I don’t care if you are shopping for a suit, groceries, a bottle of wine, or just using a dry cleaner. The experience always is better if you like the person with whom you are dealing, and the employee remembers you and at least gives the illusion that he or she likes you. And it doesn’t matter whether you are a chain or a one-store independent. Customers, after all, aren’t really doing business with the chain. They’re patronizing a specific, individual store and will respond better to treatment that reflects this reality.
That’s at least one of the reasons that on those rare occasions that I need new clothing (and my favorite designer, L.L. Bean, isn’t appropriate), I’ll shop at the local Jos. A Bank, because they know me. It’s why I shop at Stew Leonard’s for food, because around almost every corner there is someone whom I know and who says “hello.” It’s why I love one specific wine store, Nicholas Roberts Ltd., in my Connecticut town, because the folks there have made an effort, both through personal interaction and a very canny wine-of-the-month club, to track my habits and preferences. In each case, by the way, it is fair to say that knowledge and personality have more than just added up to my comfort. It’s also resulted in more transactions and a bigger spend on my part.
That’s the real bottom line.
I’m convinced that this is what is happening at the group of restaurants that chef Tom Douglas runs in Seattle.

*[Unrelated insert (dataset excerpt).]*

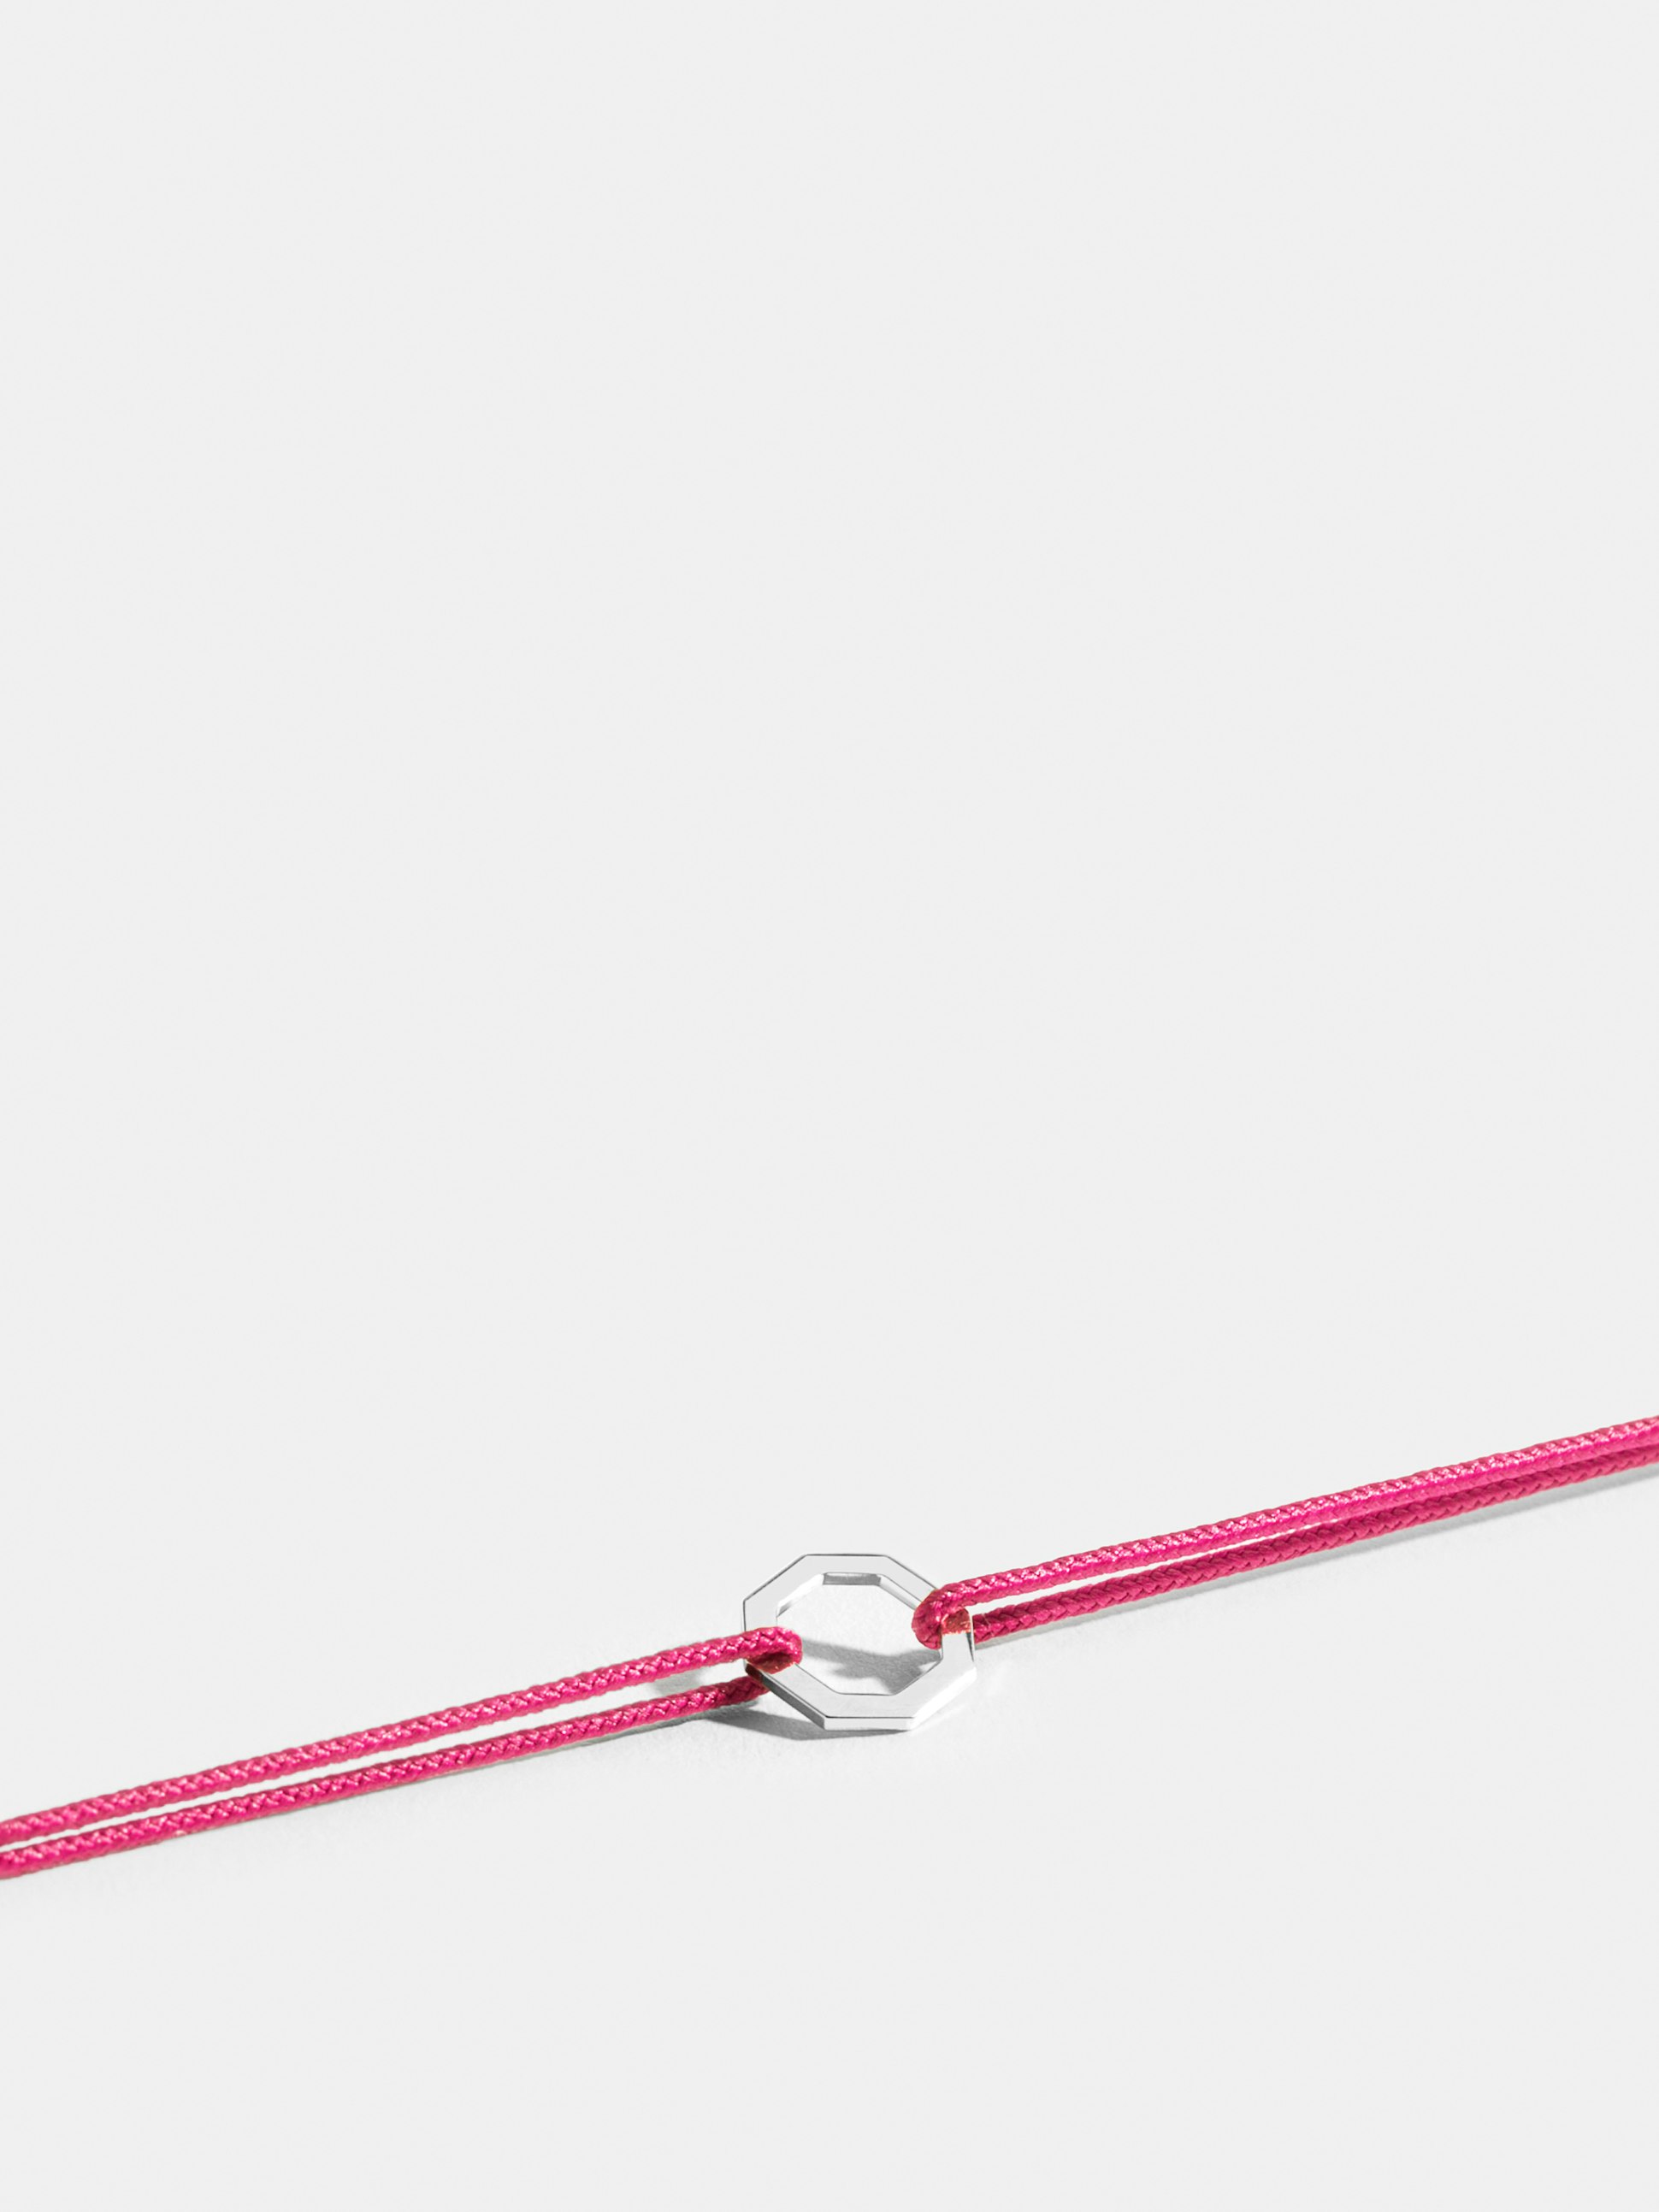 Octogone motif in 18k Fairmined ethical white gold, on a fuschia pink cord.

Some time ago, I was out in the Pacific Northwest and decided to visit the Dahlia Lounge, one of four terrific restaurants operated there by Douglas. But more important than the name of the restaurant or even the cuisine was the human face of the experience, in this case it belonged to a woman named Jacqueline (I don’t know her last name), who waited on us.
She was, quite frankly, the best waitress I can ever remember encountering. She was funny, attentive (but not overly so), and educated about the food. When picking out a wine, I had joked about loving adventure, so when I mentioned that I was torn between choosing the Alaskan troll-caught king salmon (with pea shoot-tomato salad, carrot reduction, Yukon gold potatoes and peas) and the roasted pork loin (with molasses-glazed pork belly, caramelized-onion spoon bread and roasted figs) she simply smiled, took away the menu, and said she would surprise me.
She did, with the salmon. And it was one of the best salmon dishes I’ve ever had. (The wine was a 2000 Chateau Benoit Pinot Noir which would’ve worked with both meals, but was a perfect complement to the salmon.)
It ends up that Jacqueline is a working mom who has a chef husband and a 2-year-old son, and she personalized the meal in a way that was both unusual and uplifting. She knew her stuff, she understood her customers, and she put a great face on an already estimable restaurant.
I’ve had the same experience at Etta’s Seafood, a Tom Douglas restaurant down near the Pike Place Market. There’s a bartender at Etta’s named Morgan (again, I don’t know his last name) who is so good that I make a stop at Etta’s every time I’m in Seattle, which usually is once or twice a year. But when I walk in the door, even after 12 months away, I feel like Norm on “Cheers.” Morgan knows my name, he knows I like red wine (especially Pinot Noir and Syrah from Washington and Oregon), he always recommends something new from the menu, and he makes a place that is 3,000 miles away from home feel like my neighborhood bar.
Doesn’t get any better than that.
It’s all about balancing efficiency and effectiveness, and how the human factor can keep customers coming back for more.